WHAT TO DO
The response must be the exact lines from the one that contains "The PsychCraft Network" through the end of the material, with no pictures and no additional lines.

INFORMATION SUPPLIED
◆ ◆ ◆

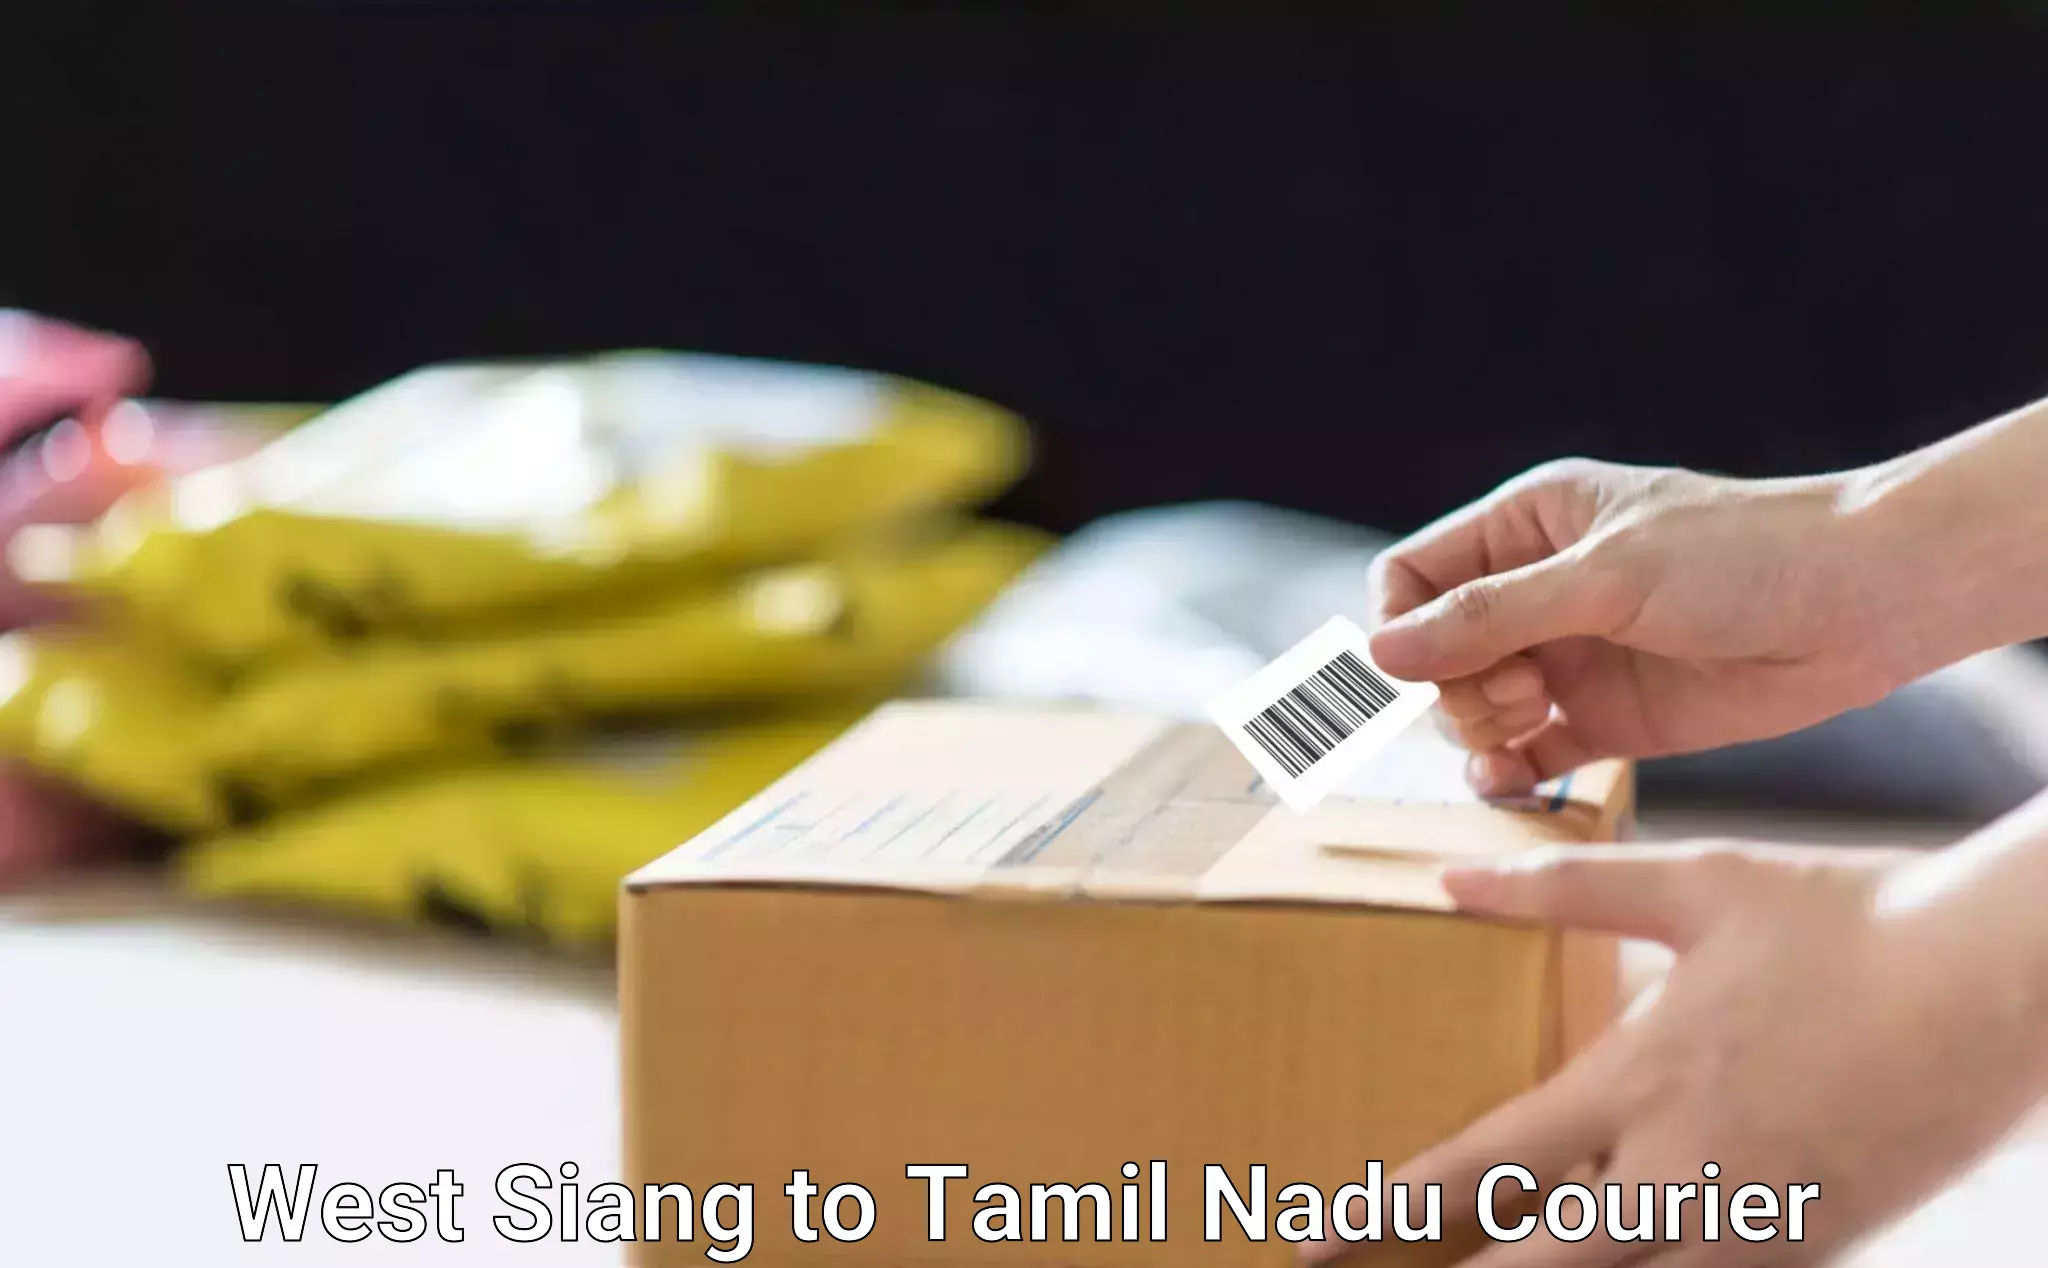 Efficient parcel tracking West Siang to Chengalpattu
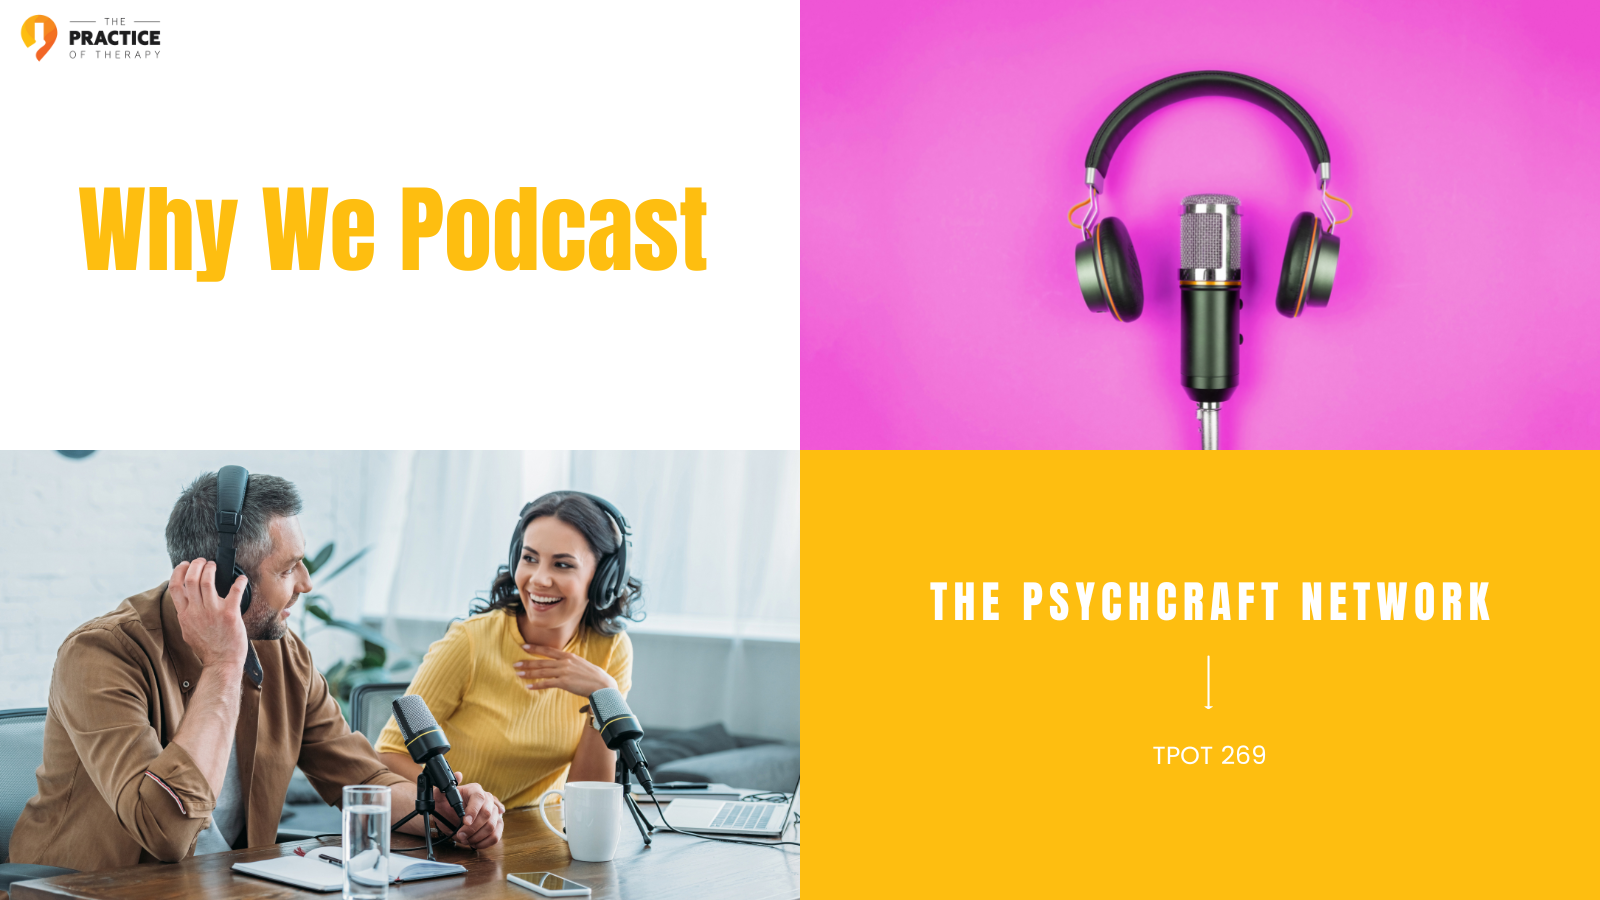 The PsychCraft Network Why We Podcast TPOT 269
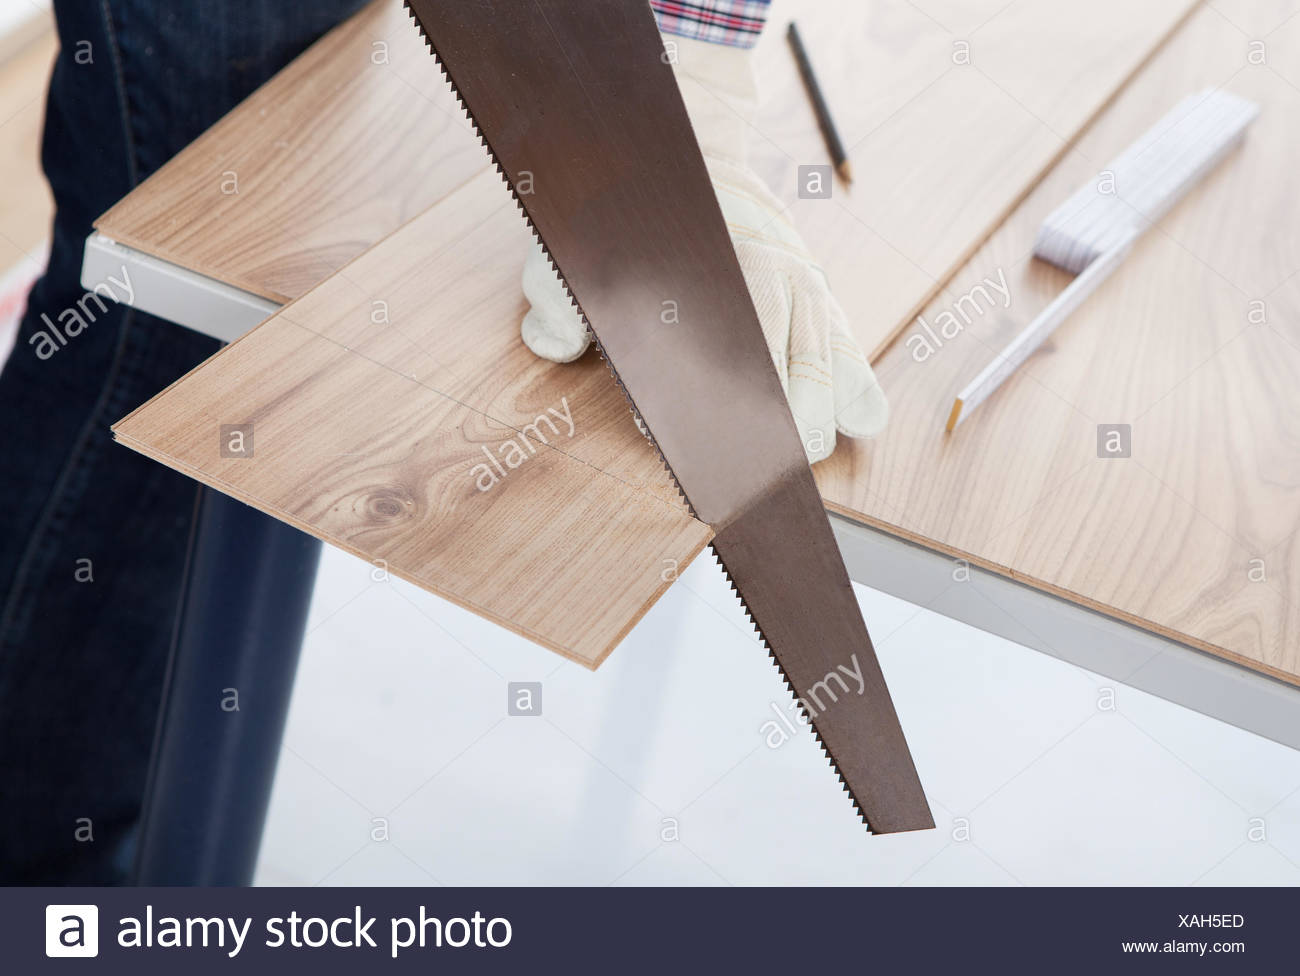 Worker Cutting Piece Of Laminate Using Hand Saw Stock Photo
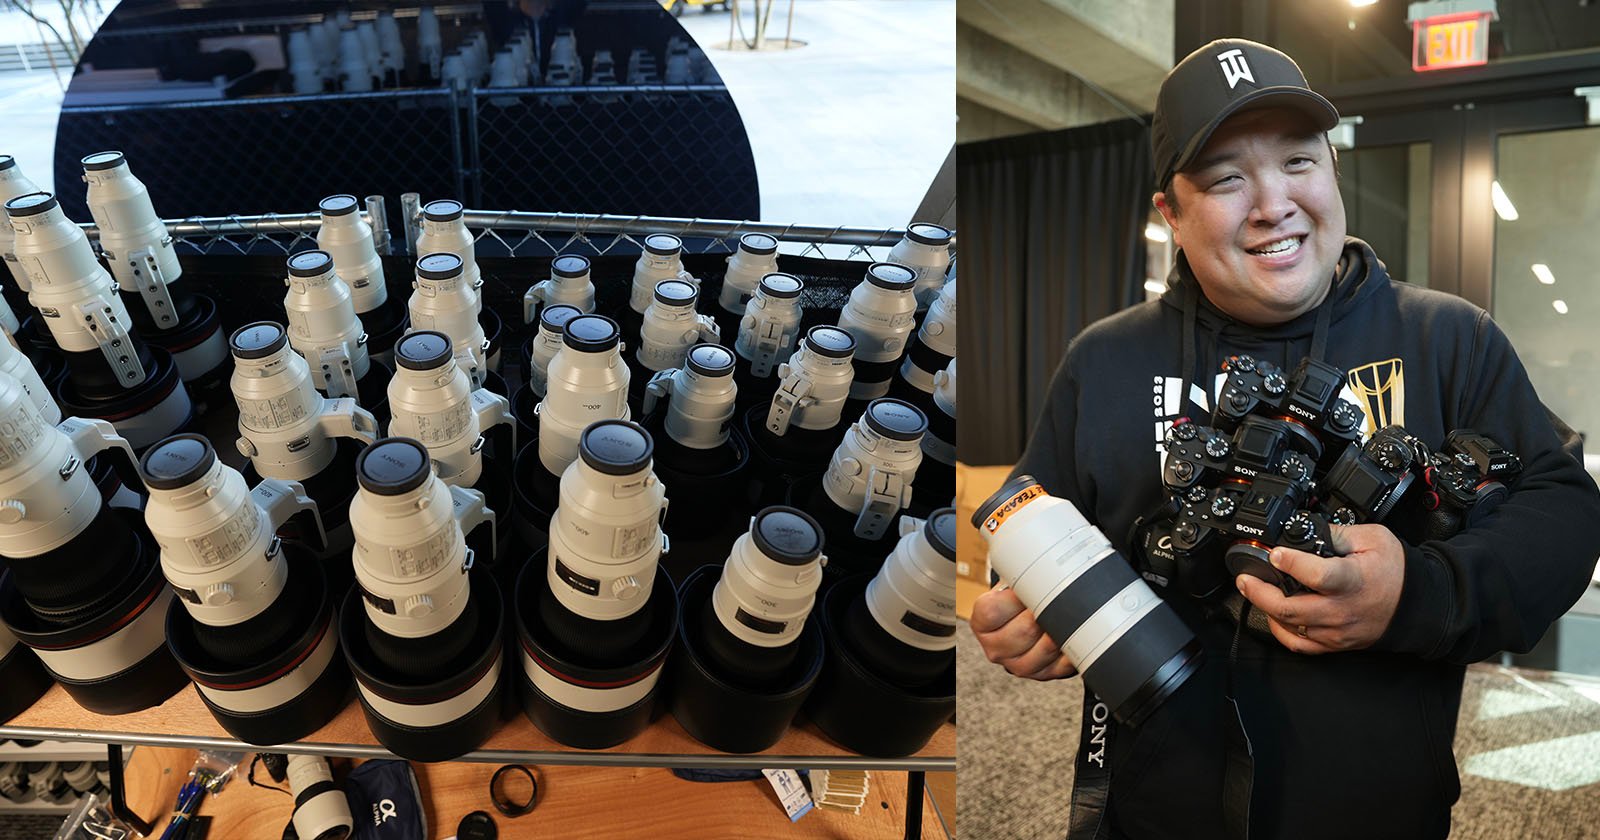 A Look at How Sony Equipped Photographers for Super Bowl LVIII

◆ ◆ ◆

WRITTEN SOLUTION
 The PsychCraft Network Why We Podcast TPOT 269
 Worker Cutting Piece Of Laminate Using Hand Saw Stock Photo
 A Look at How Sony Equipped Photographers for Super Bowl LVIII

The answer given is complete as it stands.